Agreement". Because Mr. Moton focuses his attention on whether his mental health treatment comported with the IPAS Agreement, the Court discusses the relevant provisions of the IPAS case and ensuing agreement. In 2008, the Indiana Protection and Advocacy Services Commission sued the Indiana Department of Correction ("IDOC") alleging that the continued confinement of mentally ill prisoners in segregation and segregation-like settings without appropriate mental health care and treatment violated prisoners' constitutional rights. IPAS, 1:08-cv-1317 (S.D. Ind.). Following a bench trial, the Court concluded that the "Plaintiffs have prevailed as to their Eighth Amendment Claim." IPAS, Dkt. 279 at 36. The Court did not enter final judgment. Rather, in 2016, the parties in IPAS entered into

the IPAS Agreement, which the Court found to be fair, reasonable, and adequate. IPAS, Dkt. 496, 508. Relevant to this case, the IPAS Agreement lists different medical conditions that qualify an inmate as "seriously mentally ill," including schizoaffective disorder. Id. at 4-5, ¶ 18. Under the IPAS Agreement, seriously mentally ill inmates who are housed in intensive treatment units such as Pendleton's IRT program are supposed to receive an individualized treatment plan created by a treatment team and at least 10 hours of therapeutic programming per week (e.g., group and individual therapy). Id. at 15, ¶ 42. Finally, the IPAS Agreement places restrictions on the length and manner in which a seriously mentally ill prisoner can be placed in segregation/restrictive housing. Id. at 10-13, ¶¶ 30-35. B. Background of the IRT Program and the Parties Mr. Moton was at all relevant times an IDOC inmate housed in the IRT facility at Pendleton. Mr. Moton has been diagnosed with depression, schizoaffective disorder, and schizophrenia. (Dkt. 27-3 at 5 (15:3); Dkt. 27-2 at 18, 41.)

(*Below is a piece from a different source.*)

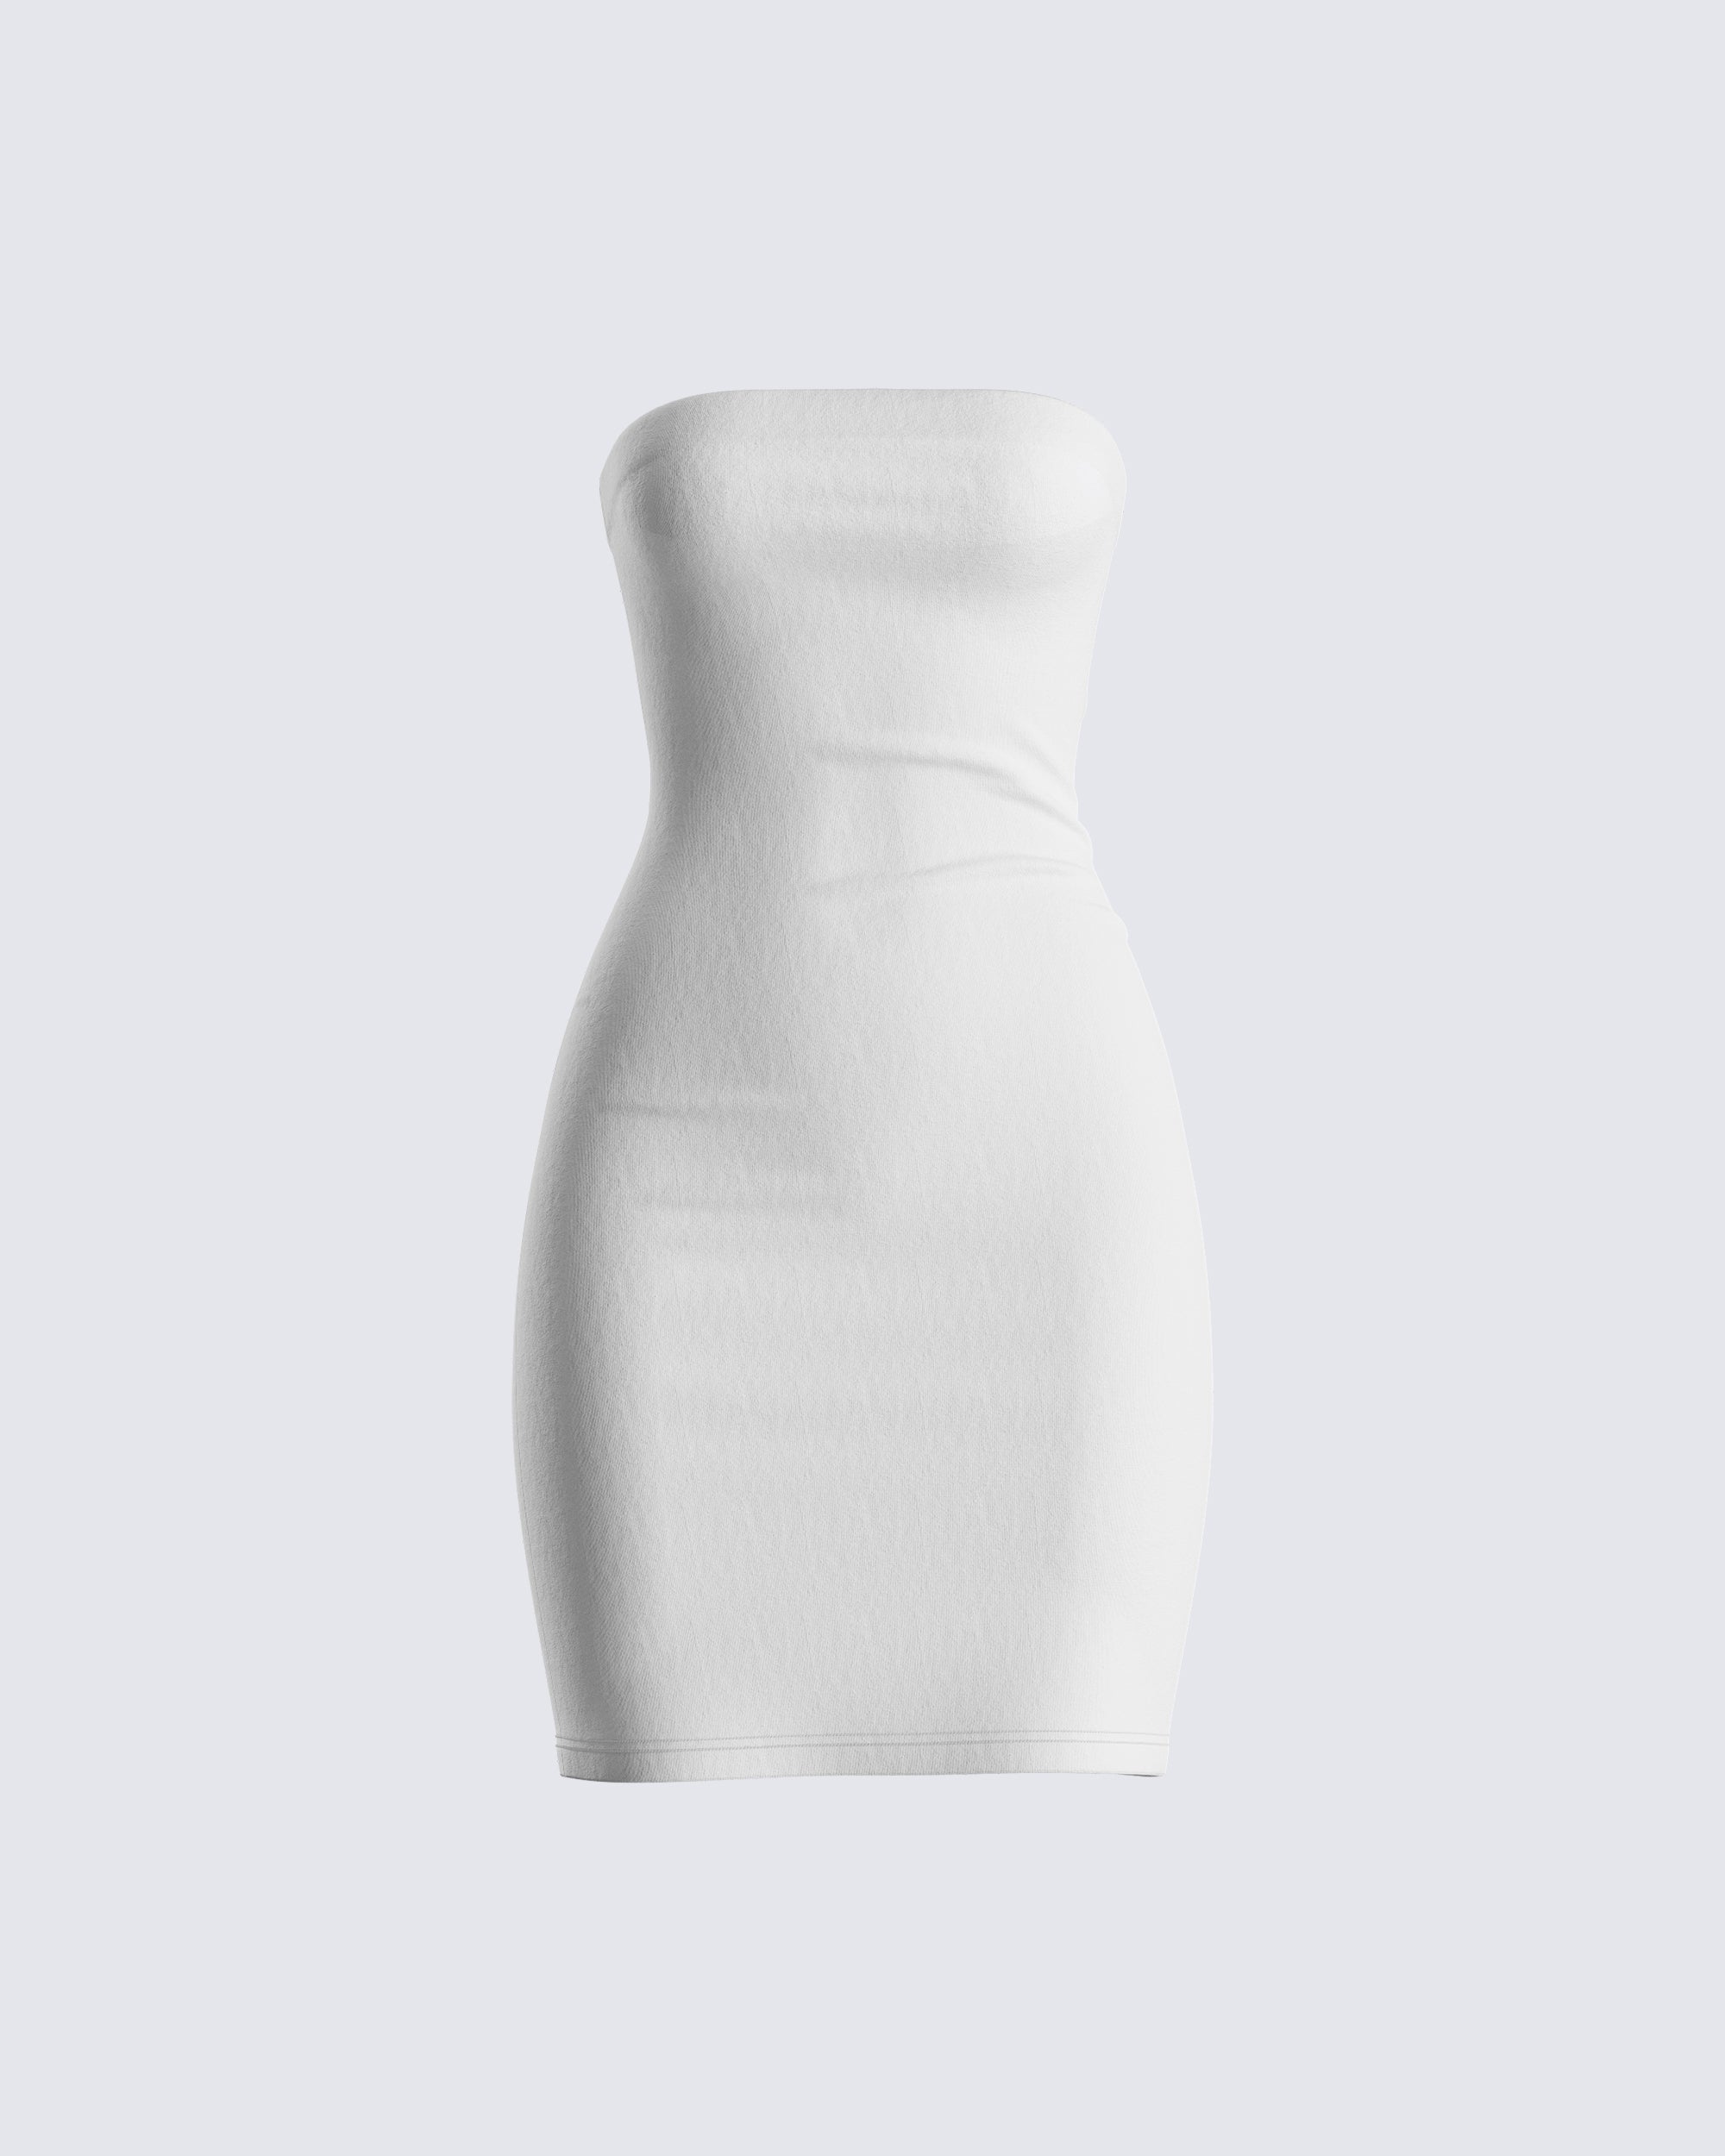 white tube dress

Dr. Liedtke is a psychologist licensed to practice in Indiana. (Dkt. 27-1 at ¶ 1.) During all times relevant to Mr. Moton's Complaint, she was a psychologist at Pendleton employed by Wexford of Indiana, LLC ("Wexford"), treating inmates in the IRT Program. Id. at ¶ 2. Part of Dr. Liedtke's job responsibilities "is to make sure that the staff in IRT are meeting both IPAS and the health care service directives of [IDOC]." (Dkt. 33-2 at 1 (15:22−24).)1 Inmates placed in the IRT Program are provided individual therapy, group treatment, and medication management of psychotropic medication. Id. at 4 (24:2−5). Individual therapy is provided once monthly, but if it is clinically indicated it will be provided more often. Id. 4 (24:19−20). Group treatment is supposed to be offered ten hours a week. Id. at 4 (24:25). However,

group treatment was often not able to be offered due to COVID-19-related lockdowns, correctional and mental health staffing shortages, and space issues due to a fire that burned down the treatment center. Id. at 5 (25:6−9); Dkt. 27-2 at 2. Mr. Moton explained that when group treatment was not offered due to staff shortages or other logistical reasons, it was called an "exception." (Dkt. 27-3 at 7 (25:13−17).) Dr.